The Red Rising trilogy is a “must read” for those who follow young adult dystopias, dystopian fiction in general, and contemporary science fiction, as well as those interested in “big idea” fiction about individualism and liberty.
Red Rising owes a debt to many science fiction works that came before it, from Frank Herbert’s Dune and Kim Stanley Robinson’s Mars series to Suzanne Collins’s Hunger Games. Brown acknowledges the obviously profound influence of Ender’s Game in a clever line of the text: “So this kid is what? A predestined Alexander? A Caesar? A Genghis? A Wiggin?”
Despite — or perhaps because of — its deep genre roots, Red Rising is an unusually sophisticated work in many ways. Pierce Brown’s biggest leap, which requires some suspension of disbelief, is his starting premise, namely that humanity’s move to the stars would end up in a highly inefficient, Roman Empire-based oligarchy. (Incidentally, the more you know about ancient Rome, the more you’ll get out of this novel.)

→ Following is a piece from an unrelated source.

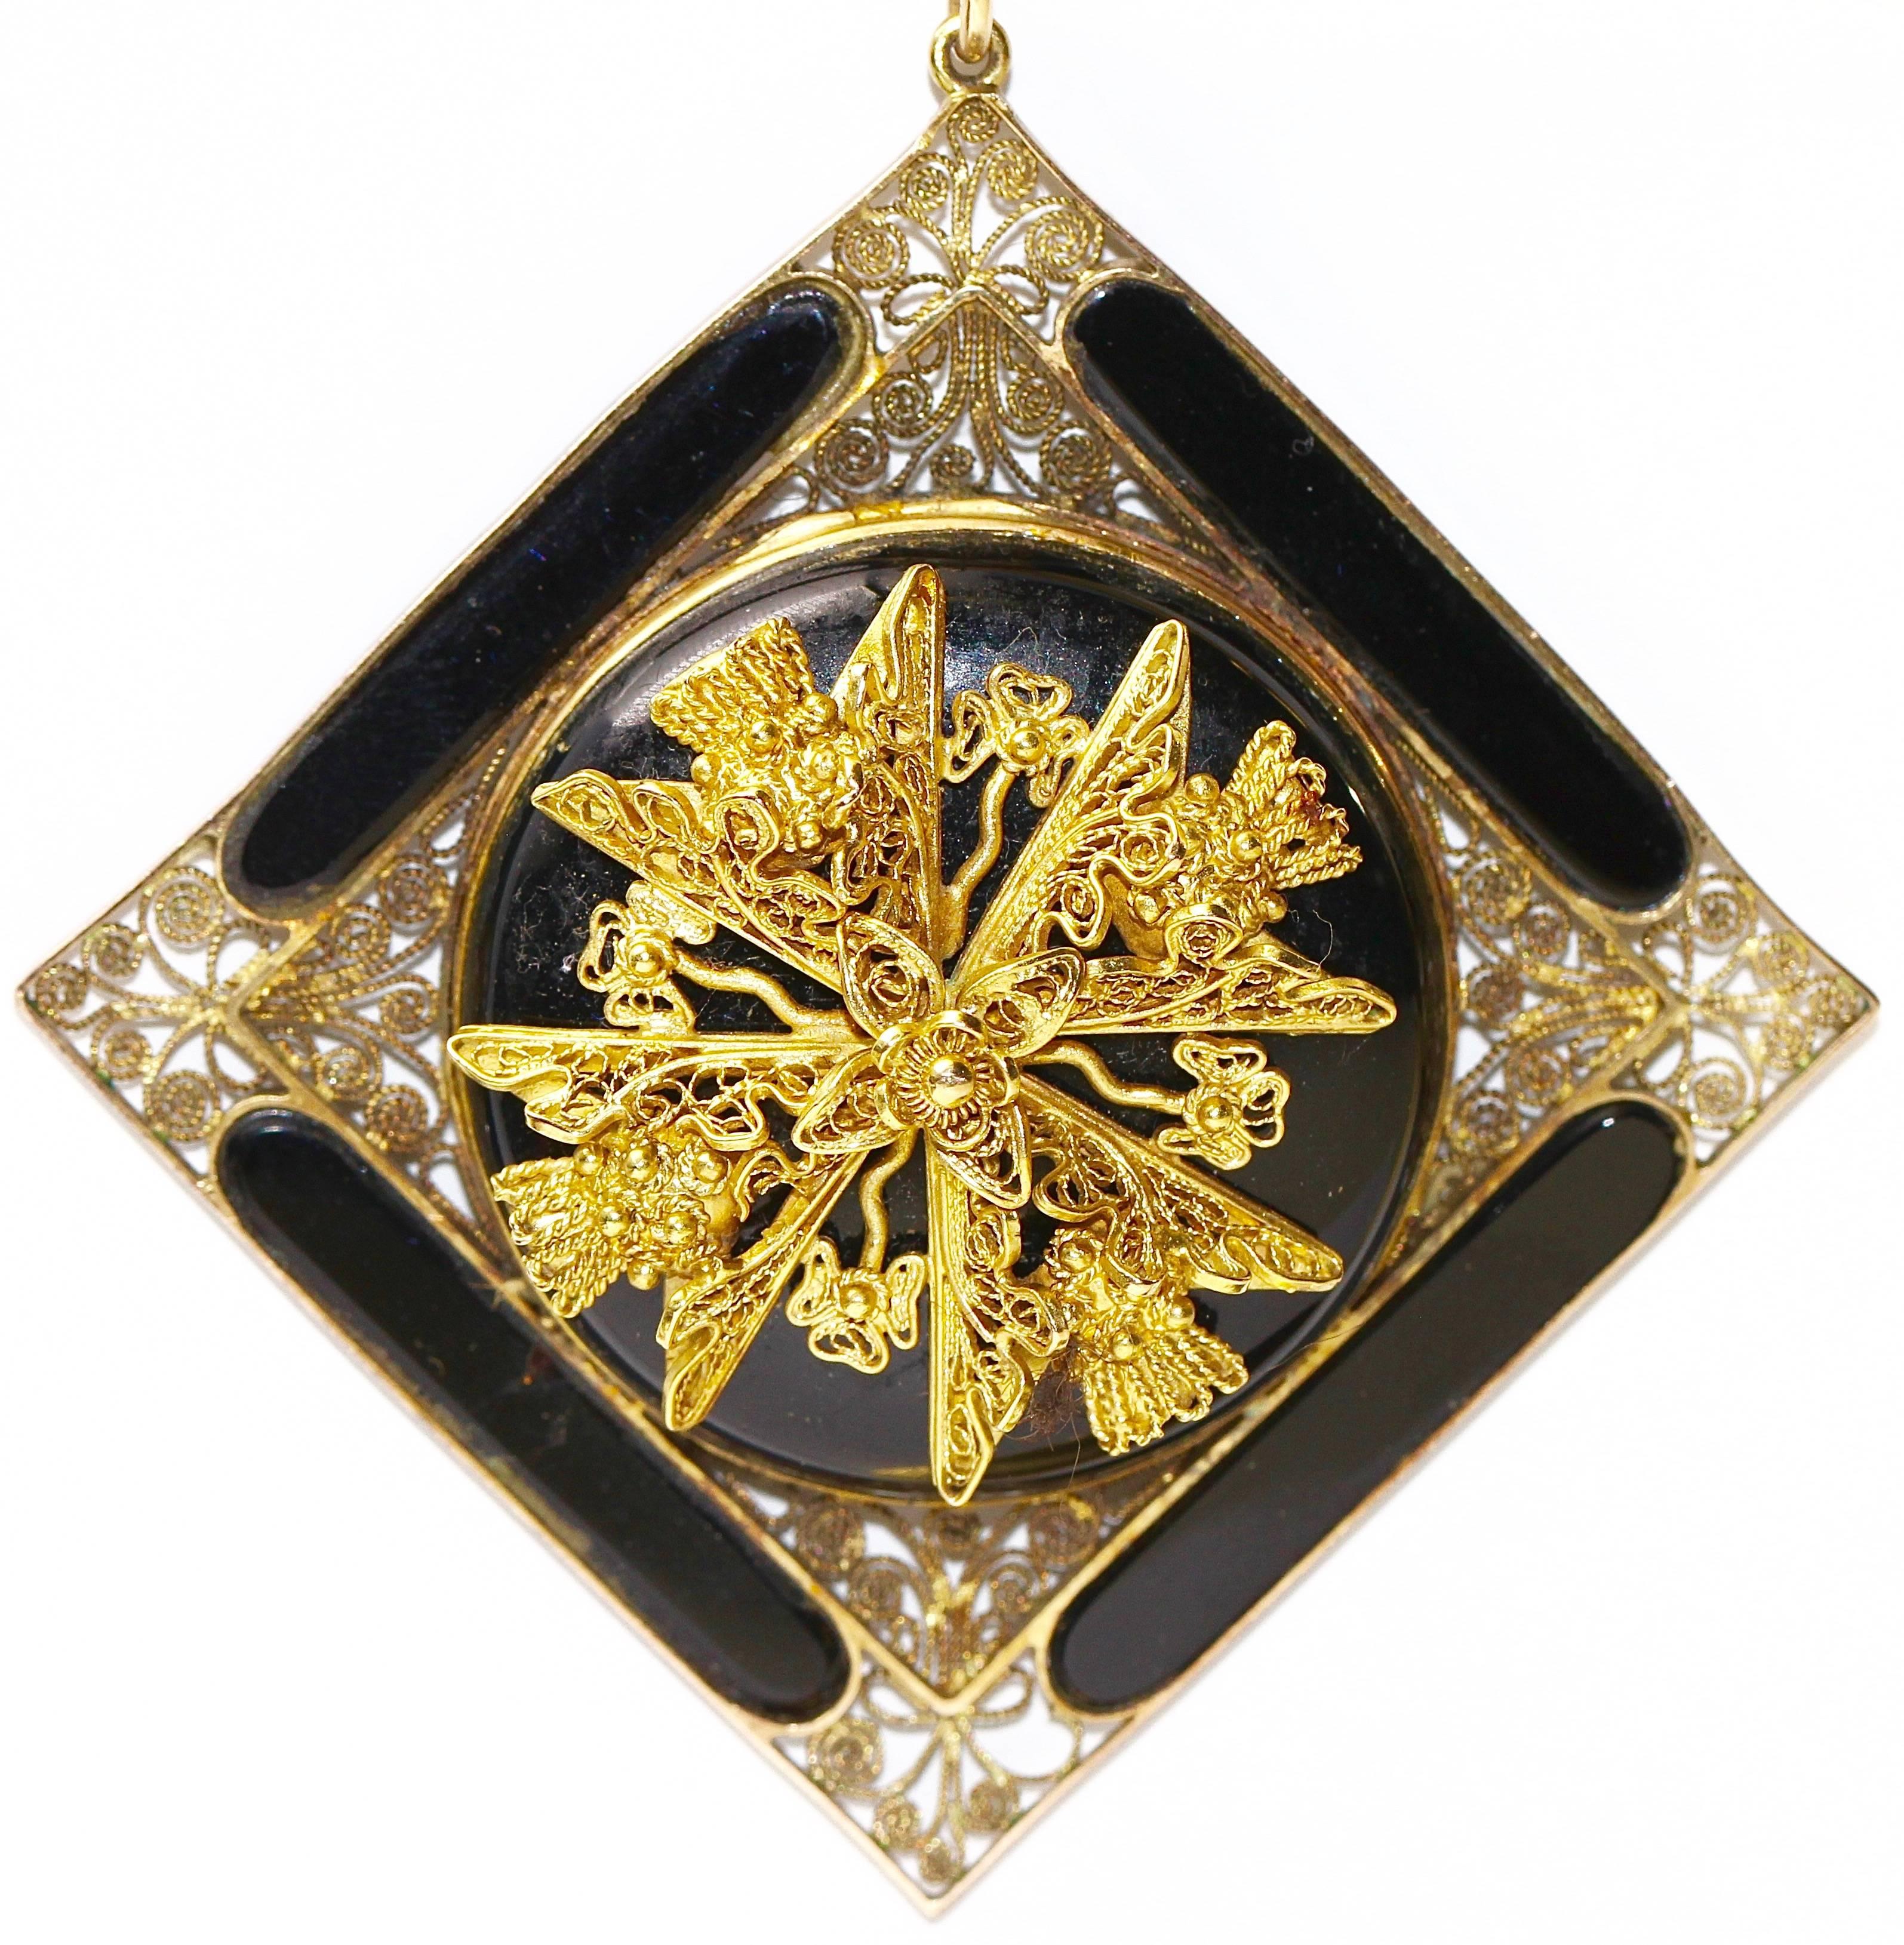 19th Century Antique Onyx Pendant, Enhancer 14k Gold with Floral Gold Appliqués
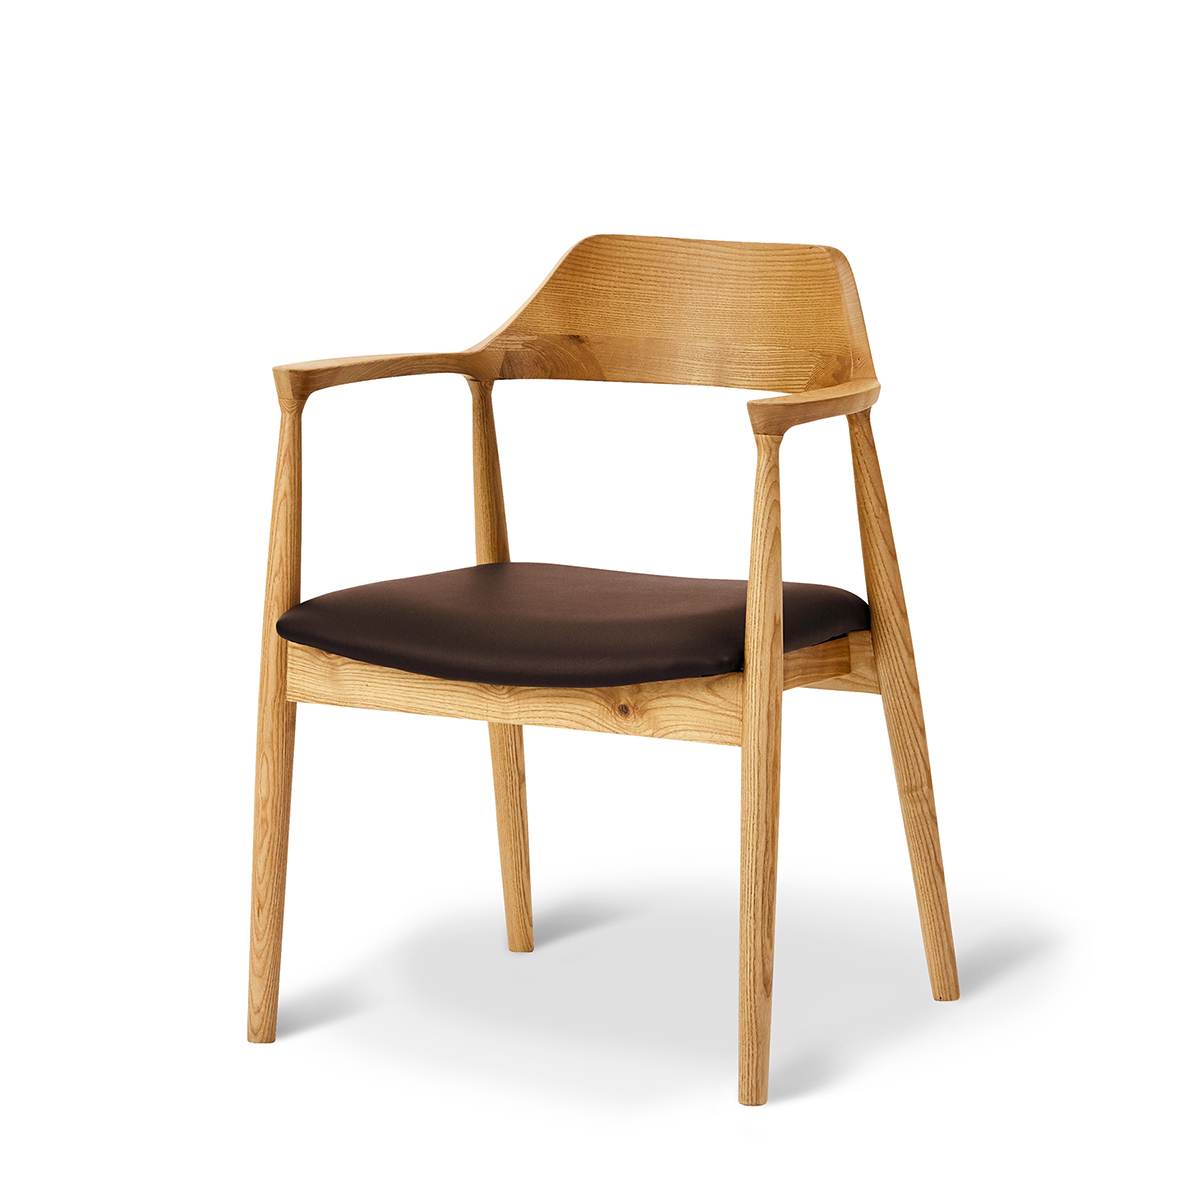 独特の上品 良い雰囲気 木製 ダイニングチェア 椅子 イス

That said, if you accept the starting premise, the rest of the novel draws you in and refuses to let go. The characterization, plotting, and big themes are explored with passion and insight. Darrow is a Red miner, a member of the lowest caste in the color-coded society of the future, toiling to make Mars habitable for humans. Or so he thinks.
After the cruel execution of his young and politically outspoken wife, Darrow is targeted as a likely convert/tool of rebels who show him that his life is a lie. Mars is already inhabited by a privileged, decadent aristocracy supported by many levels of laboring underlings, all of whom take the ignorant Reds’ sacrifice and slave labor for granted. Darrow consents to being recreated in the image of his enemies and infiltrating the highest caste, the Golds. Even as he is tested for his capacity for future rule, he is a secret weapon bent on his new peers’ destruction.
Darrow’s training, which pits the most promising Gold youths against each other in a violent and harrowing “game” of strategy where alliances are constantly formed and betrayed and tested, is fascinating.
“Once upon a time they made children bow their heads and read books…. But we have widgets and datapads now, and we Golds have the lower Colors to do our research. We need not study chemistry or physics. We have computers and others to do that. What we must study is humanity. In order to rule, ours must be the study of political, psychological, and behavioral science — how desperate human beings react to one another, how packs form, how armies function, how things fall apart and why. You could learn this nowhere else but here.”
This novel has much to say about the dignity of the individual and the nature of power.
“They think I’m still a child. The fools. Alexander was a child when he ruined his first nation.”
Golden Son is a stunning sequel to Red Rising. Not only does Darrow’s quest become more complicated because forces realign (with allies becoming enemies and enemies become allies), but Darrow also grows to see individuals in a more mature way rather than mere classes or colors. Pierce Brown’s grand writing style does justice to the subtle and three-dimensional characterizations.
I don’t want to say too much, because this is a novel that should be experienced, not spoiled. That said, Golden Son makes the reader appreciate, along with Darrow, that replacing one tyranny with another does not suffice as change; introducing the freedom to allow for individual choice and self-determination is the only meaningful response to oppression.
But right doesn’t always make might.
Well steeped in both classical history and science fiction, Brown has crafted a mature and wonderfully thought-provoking story. The final book in the trilogy, Morning Star, is scheduled for publication in 2016.